Street Photography: An outsider’s view



David Mantripp, one of our readers in his opinion of our Magazine, had some pretty interesting comments on Street Photography and Landscape photography. I sent him a few questions to learn more about him and how he views Street Photography.


David, Please tell us a bit more about yourself


I'm 51 years old, I'm nominally British, but I was raised in Belgium and these days I live in Switzerland. I spent a long while working as a research scientist, but these days I work in IT.


What inspired you to become a photographer?


Difficult to say, really I drifted into it. Initially I considered photography as raw material for illustration and multimedia, but eventually it took on a life of its own.




What purpose does it serve for you?


Well, I've often asked myself that question!

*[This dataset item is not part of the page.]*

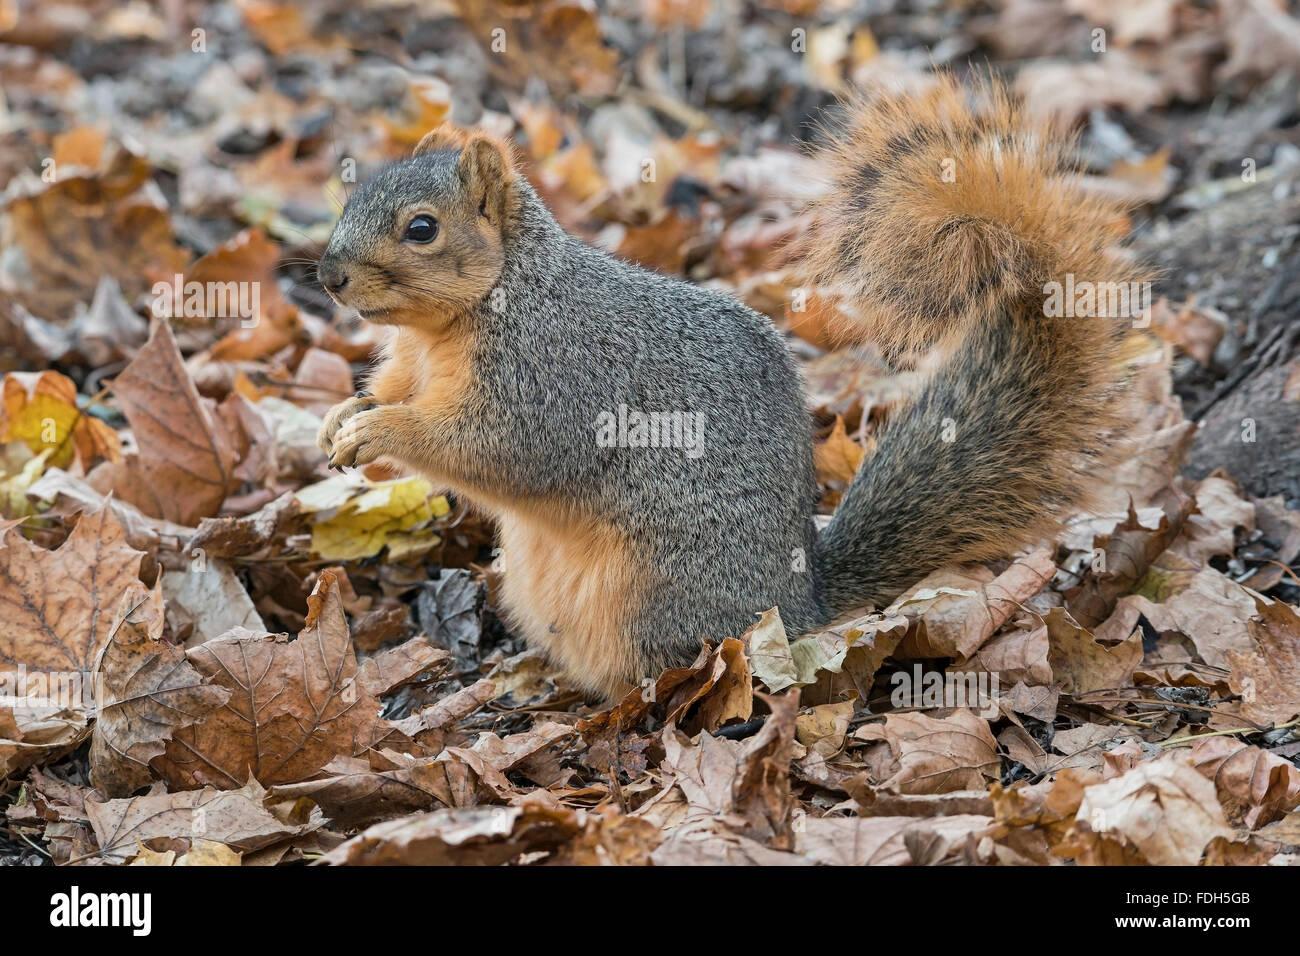 Eastern Fox Squirrel (Sciurus niger) on forest floor, eating nuts, acorns, Autumn, E North America - Stock Image

Apart from giving me an excuse to read gear reviews, and generally soaking up all my spare time, there must be some reason it being such a big part of my life. And actually, I've come to realize that in some sense, there is a strong undercurrent of purpose to my photography which is sometimes more obvious, sometimes less.




It seems that through photography I'm trying to build myself some kind of narrative for my life, trying to create a context to live in. It's not easy to explain, and I know it sounds contrived and pretentious, but it's not a conscious thing and it's only fairly recently I realized it was happening.


Where in the world are you located?




I live in southern Switzerland, the Italian speaking canton of Ticino, about 4km from the Italian border.


Let me ask you about a statement you made “I’m finding published landscape photography more and more tame, repetitive, formulaic and sterile” (and you put yourself in that batch) Why do you think that is? Do you find it's the opposite for street photography?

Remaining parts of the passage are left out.